Decentralized finance (DeFi) is a decentralized version of traditional finance. It allows users to borrow and lend money without relying on third parties. By eliminating the need for a central bank and clearinghouses, DeFi uses blockchain technology to enable peer-to-peer transactions.
DeFi allows users to create and manage their own decentralized applications, which differ from traditional banking, where you need to trust the bank to do things like hold your money, handle your credit card transactions, and even verify your identity. This is called a “trustless” system because there is no central authority. With DeFi, you can create and manage your own financial applications, which could be anything from a savings account to a lending platform. The goal is to provide financial services in a way that is transparent, fast, and cheap.
While you can certainly use financial tools to lend, borrow, and trade from anywhere, a distributed financial database collects and aggregates data from all users in a manner that ensures the integrity of the data by ensuring a consensus among all the users about the value of the money in circulation.
How Does DeFi Work?
Decentralized finance is not like traditional finance. Traditional finance deals with centralized exchanges, where a single exchange operates, manages, and administers a large trading portfolio. On the other hand, DeFi uses distributed ledger technology, also known as the blockchain. The blockchain is an innovative way of organizing financial transactions and is a decentralized and secured database. There is a wide range of applications that run on the blockchain. Cryptocurrencies, such as Bitcoin, use it.

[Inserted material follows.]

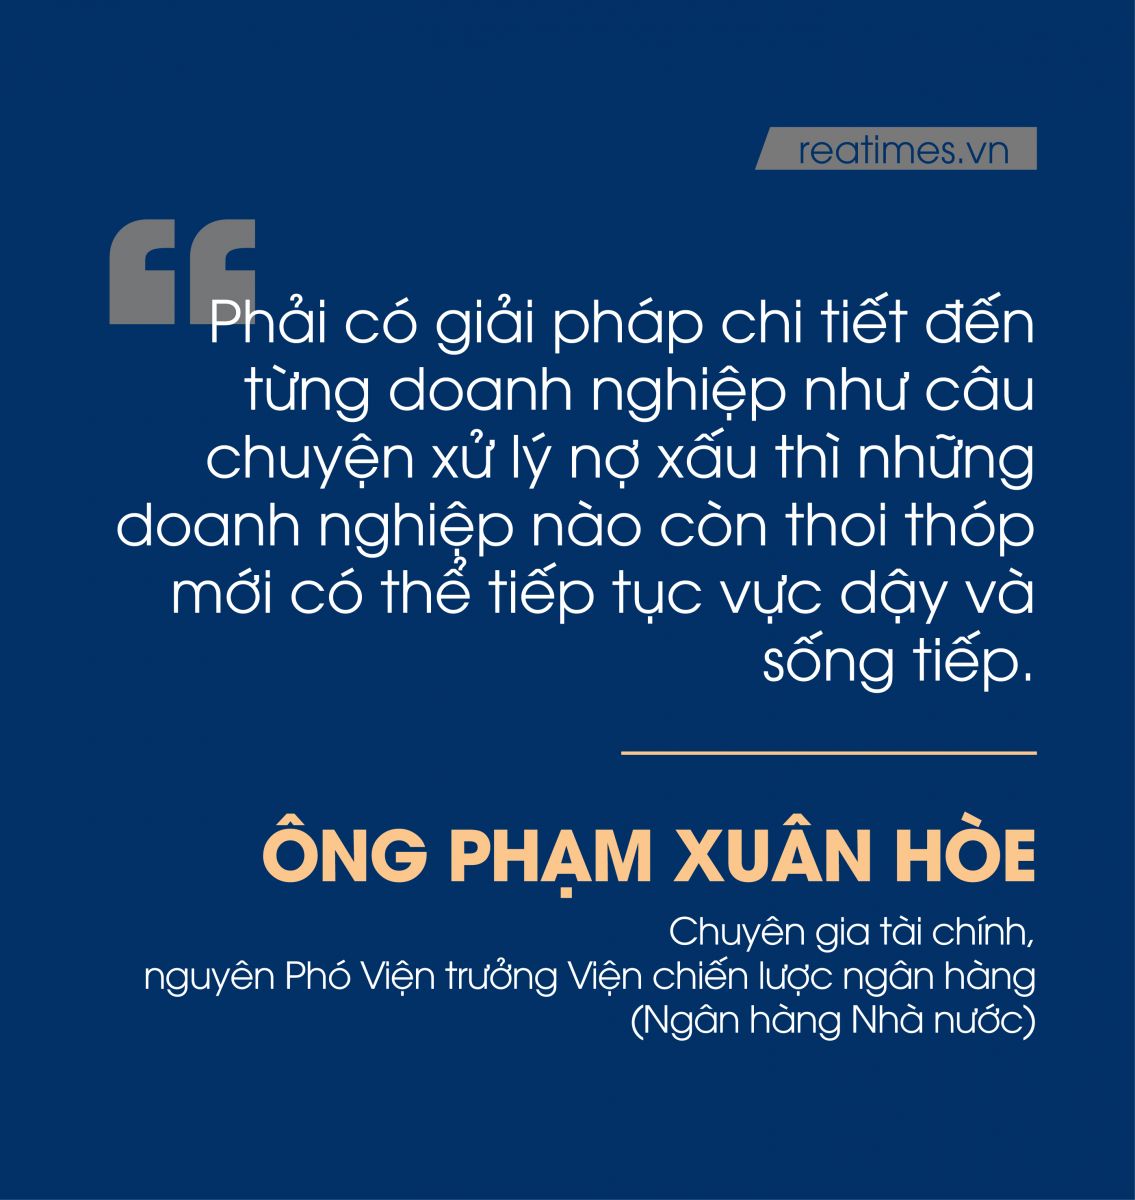 ông Phạm Xuân Hòe

A distributed ledger is an unalterable record of a transaction. Other users must verify each transaction in a blockchain before it is accepted. If these people agree that a transaction is valid, the block is encrypted; a new block is created that has information about the previous block inside it. The blockchain records the history of transactions in chronological order in blocks.

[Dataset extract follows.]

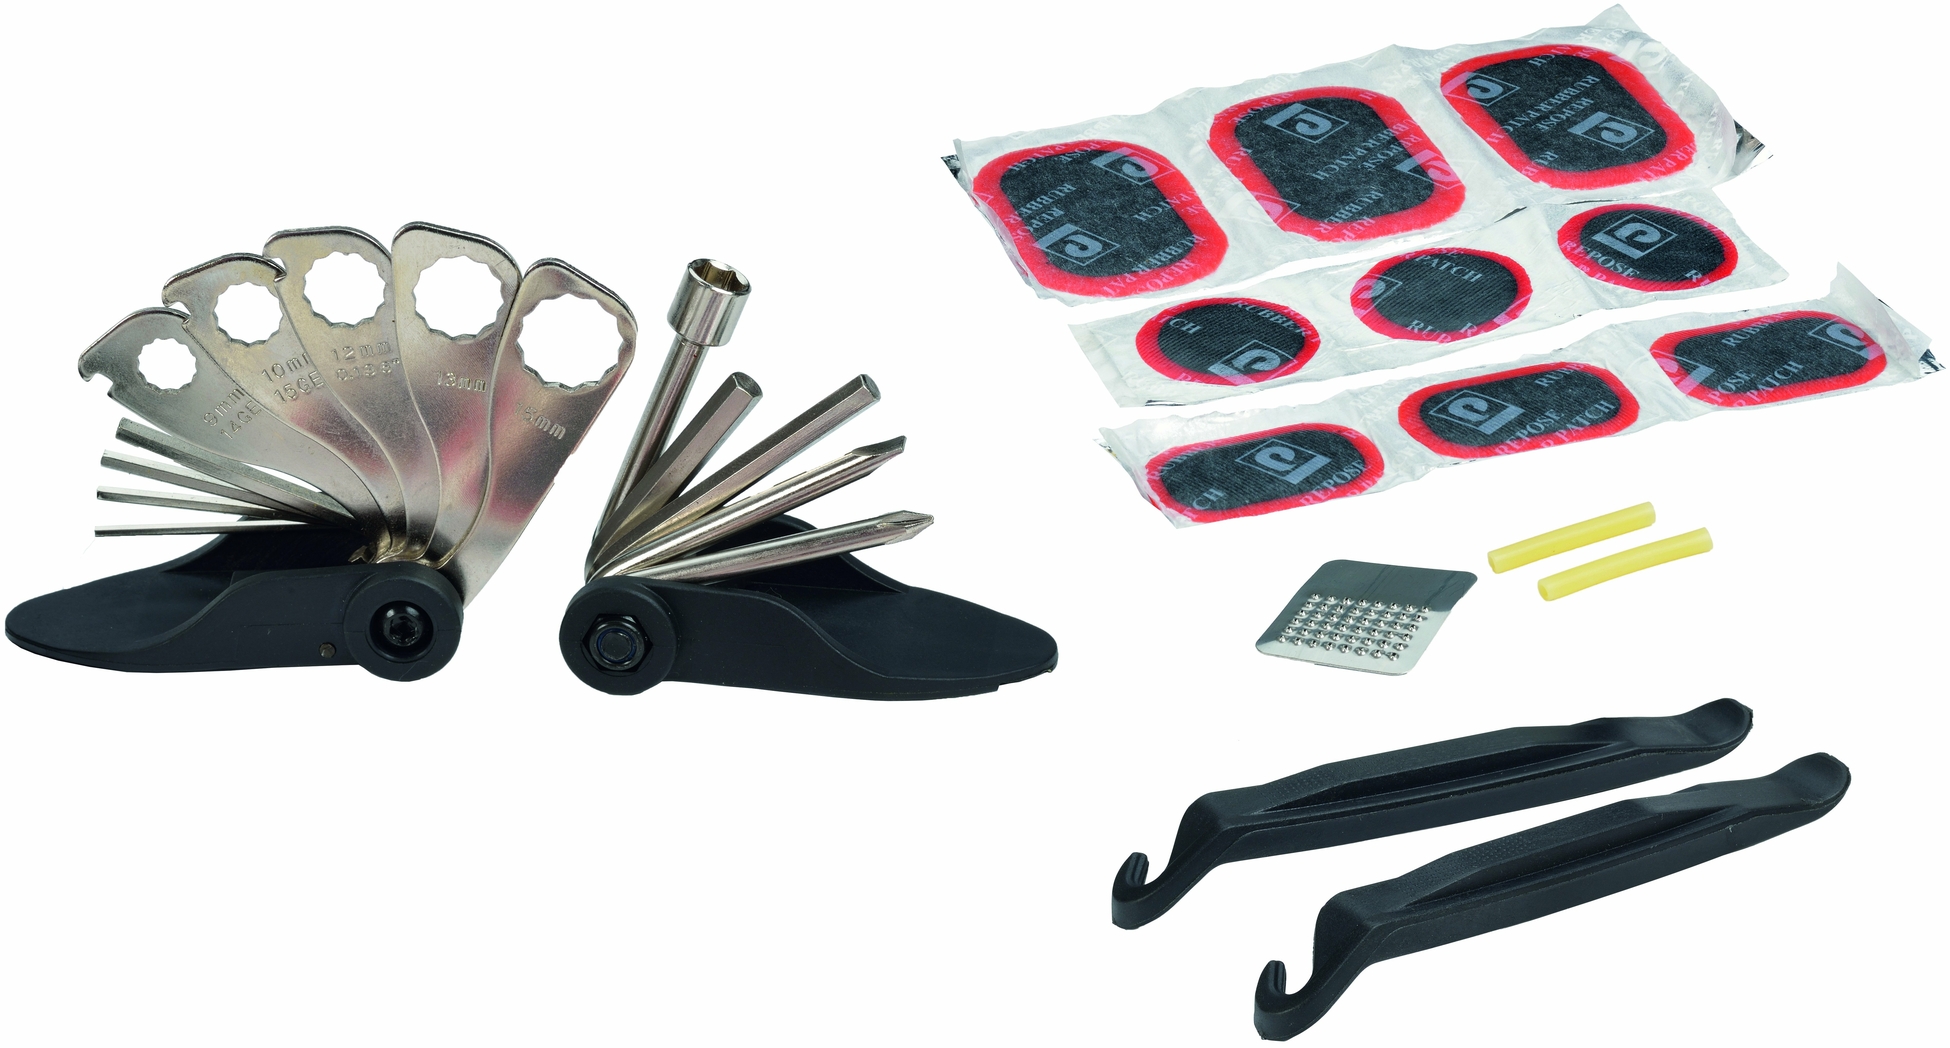 Fuxon Miniwerkzeug mit 15 Funktionen

The information in the database is kept hidden from anyone who wants to tamper with it. To prevent any changes in the information in previous blocks, the data is locked to the succeeding block. The result is that once the information in a blockchain is set, it cannot be altered. For this reason, the word “chain” is used to refer to the data structure that is shared by all users.
The Future Of DeFi
The idea of decentralized finance is still in its infancy. In fact, it is very early in its development. Its infrastructure is still being built. Thus, there are many obstacles to overcome, such as glitches, scams, and hacks. However, it has the potential to revolutionize how people manage their money and even how they access capital. It’s exciting because it will bring financial services back to consumers, giving them control over their money. It is the new generation of finance that allows for instant payments and offers low fees, making it ideal for consumers and merchants alike.
For DeFi to become a trusted and reliable way to store and transfer funds, there are still many open questions to be answered and many improvements to be made. But if DeFi succeeds, financial institutions may even decide to make money from the system, either directly or through a third party, and figure out a way to make money off of it.